[Rancher v1.6.18]Facing Memory Issues on Rancher Host

#1

Hello Team,
We are using Rancher v1.6.18. We have around 220 stacks running in rancher farm.

Infra Details:
3 Rancher Masters
1 Rancher Db Host
70 Rancher Hosts

It is seen that the Docker process consumes complete memory of the Rancher host.This make the Rancher hosts unresponsive.
In order to resolve this we need to clean up the whole Rancher Hosts which include:

Stopping all the stacks
Removing Docker images, containers, Volumes
Removing /var/lib/docker, /var/lib/rancher
Reboot the Rancher host
Adding back to Rancher farm

Current Resource Limits:
Memory: 13000
mCPU: 4

Host Details:
16GB RAM
Rhel 7

Can you let us know how can we restrict the memory for docker process on Rancher Host?
Is there a way we can Manage the CPU and Memory usage?

Also should we upgrade to 1.6.26 version?
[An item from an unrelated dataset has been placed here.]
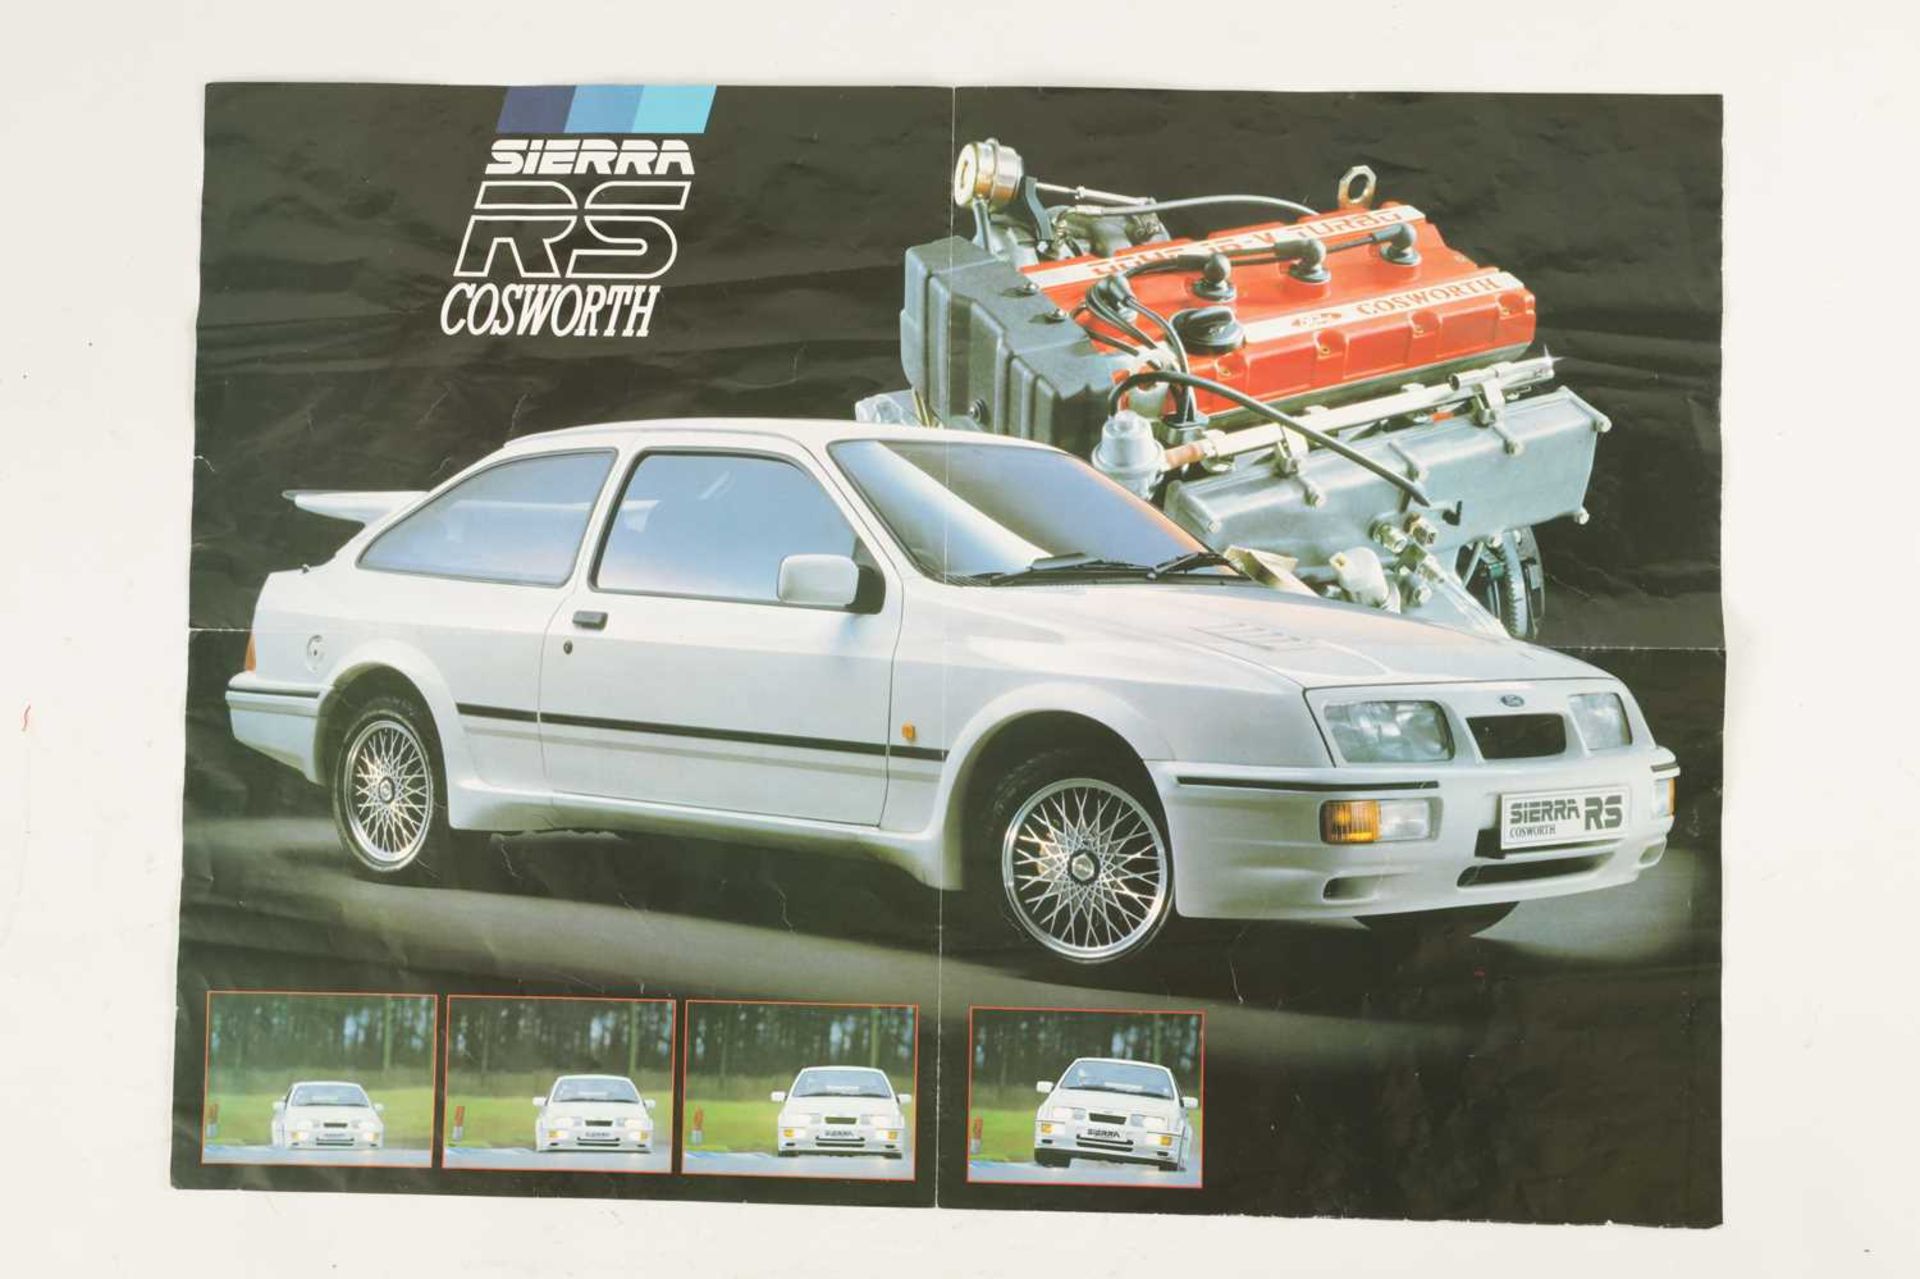 AN ORIGINAL FORD SIERRA RS COSWORTH VEHICLE SALES BROCHURE - Image 5 of 5

Will this help resolve the Memory issue on the rancher hosts?

Regards,
Yash BRAHMANI

#2

There is not enough information to discuss this. You are saying that the Docker process is taking all the memory? Is this dockerd or the process of the container created by Docker? And how do you determine that it takes all the memory, can you share the data you use to determine that?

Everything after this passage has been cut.